Re: Has Universal Basic Income ever been trialled on the scale you propose? Archived Message
Posted by Sinister Burt on April 27, 2020, 4:30 pm, in reply to "Has Universal Basic Income ever been trialled on the scale you propose?"
IANAE(conomist), but i'll waffle anyway: There are bound to be adverse effects - but i'm sure many of these can be easily addressed through the usual means if a government has the will (like they could have been addressed at any point before the crisis). The TINA neoliberal hegemony has had a huge effect on what seems possible, but governments have been much more interventionist in living memory and it worked fine (more or less) - i'm thinking of FDR specifically.

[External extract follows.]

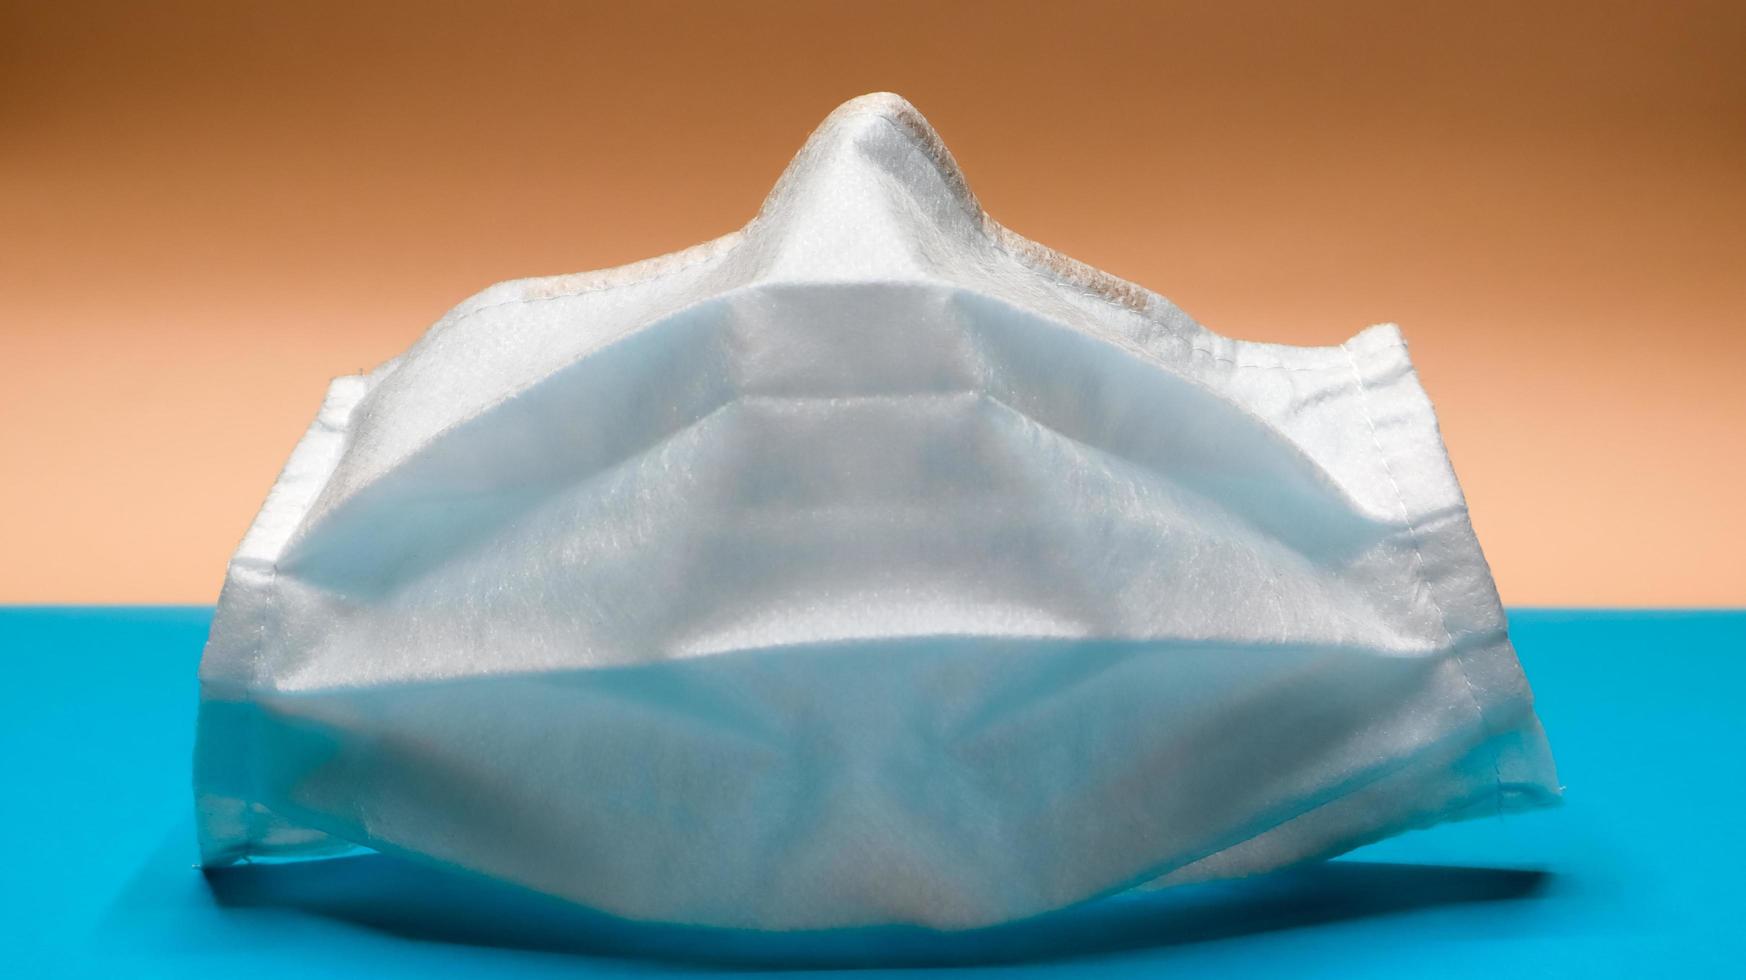 uma máscara facial cirúrgica descartável de 3 camadas com almofadas de borracha para cobrir a boca e o nariz. o conceito de proteção contra bactérias, saúde e medicamentos. covid19. vírus perigoso foto

I'm not the fan boy of UBI for usual lefty reasons (how can it be good if milton friedmann came up with it?; it could let them cut other services; gives a free pass to capital etc) - but it's something that could have been done easily right now (eg via the tax credits mechanism) - it was the obvious option in the current situation, but sunak couldn;t do it for purely ideological reasons - something like this would have given a certainty to the bottom end of the economy, which sunak and co can't countenance even when there isn;'t a virus. (not to patronise, you know as much/more than me about any of this): It's worth thinking about what we mean when we say 'economy' - if welfare is sorted and vital productive industries are protected/nationalised, the 'real' economy can be fine, inasmuch as noone goes without what they need, even if capital has collapsed (leaving aside for the moment how many poorer people have been tied to the financial system via things like pensions/mortgages). This is what welfare is supposed to be - enough to be comfortable even when there's nothing else - the cost of doing this on a national scale is unimportant imv when you consider how governments can print money when they like, or borrow at such tiny interest rates as to be effectively the same - or we can just write it off wholesale as an emergency cost, like they did in the banking crash.